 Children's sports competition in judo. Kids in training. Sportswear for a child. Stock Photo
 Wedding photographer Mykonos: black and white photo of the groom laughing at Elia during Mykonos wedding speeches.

--

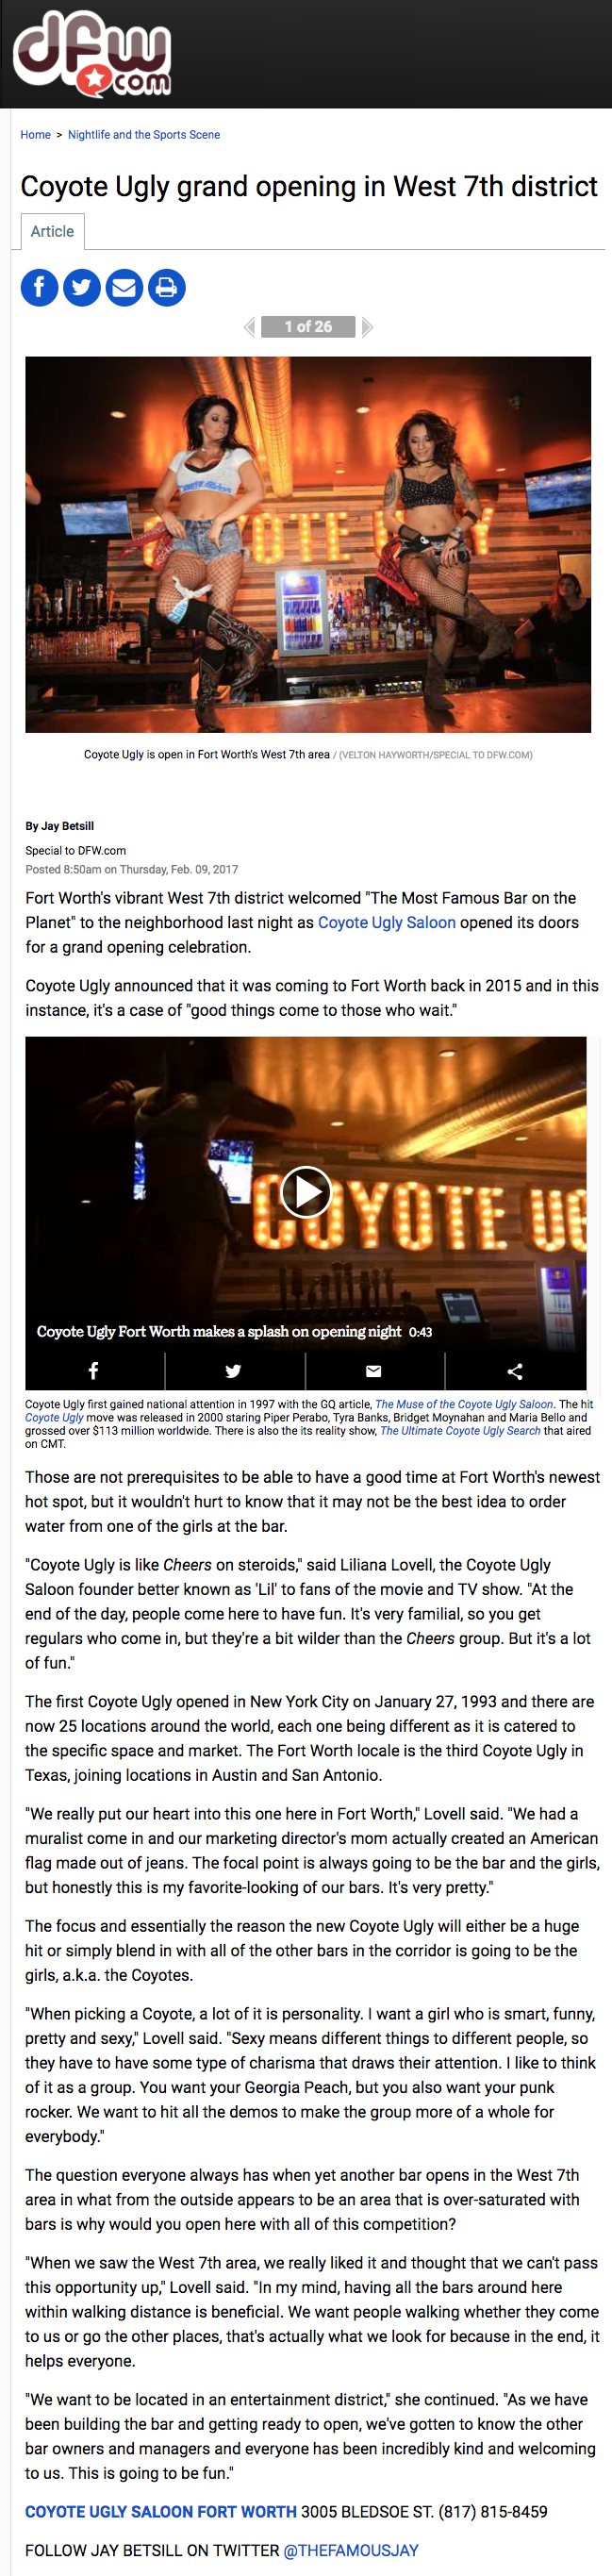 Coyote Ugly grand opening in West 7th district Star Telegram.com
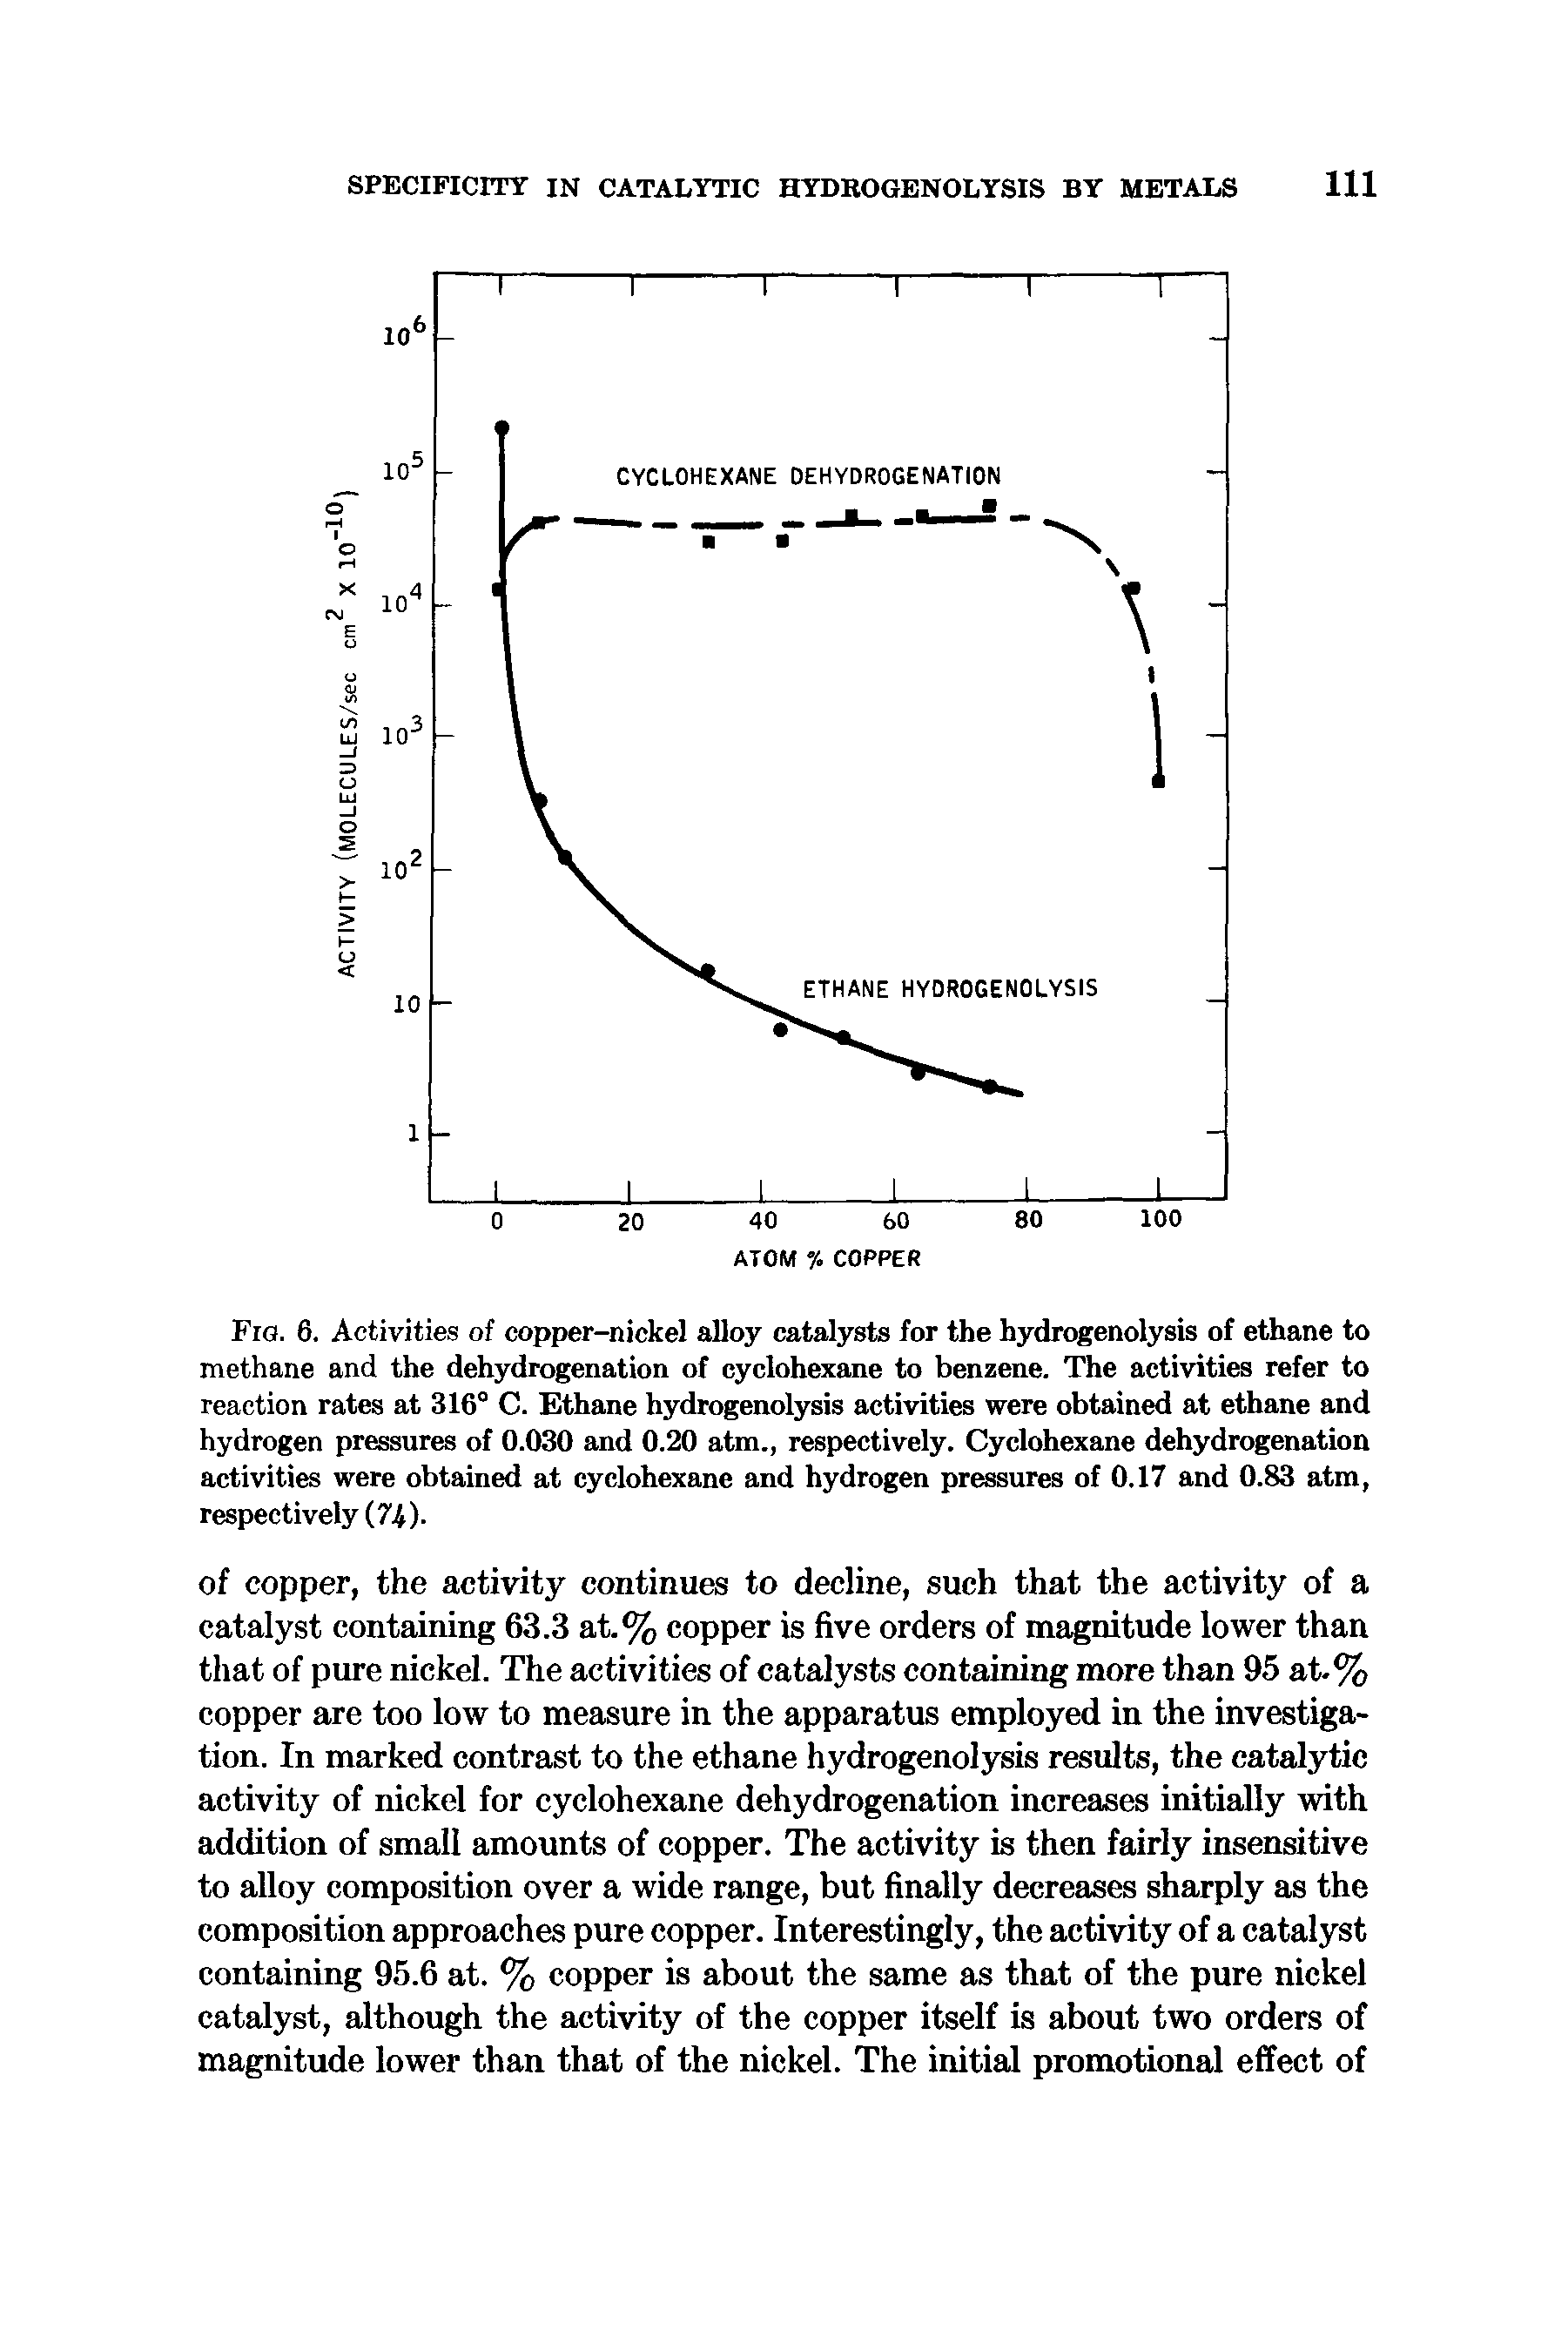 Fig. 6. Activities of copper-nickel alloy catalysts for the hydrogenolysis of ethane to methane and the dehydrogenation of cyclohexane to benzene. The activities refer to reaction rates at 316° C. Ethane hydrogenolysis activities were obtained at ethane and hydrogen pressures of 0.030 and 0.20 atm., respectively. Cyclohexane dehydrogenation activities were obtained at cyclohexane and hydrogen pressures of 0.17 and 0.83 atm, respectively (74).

ASSIGNMENT: From the data above, output only the lines between the line containing "Children's sports competition" and the line containing "Wedding photographer Mykonos: black", inclusive, exactly as written.

RESULT FOR THIS EXERCISE:
 Children's sports competition in judo. Kids in training. Sportswear for a child. Stock Photo
 Wedding photographer Mykonos: black and white photo of the groom laughing at Elia during Mykonos wedding speeches.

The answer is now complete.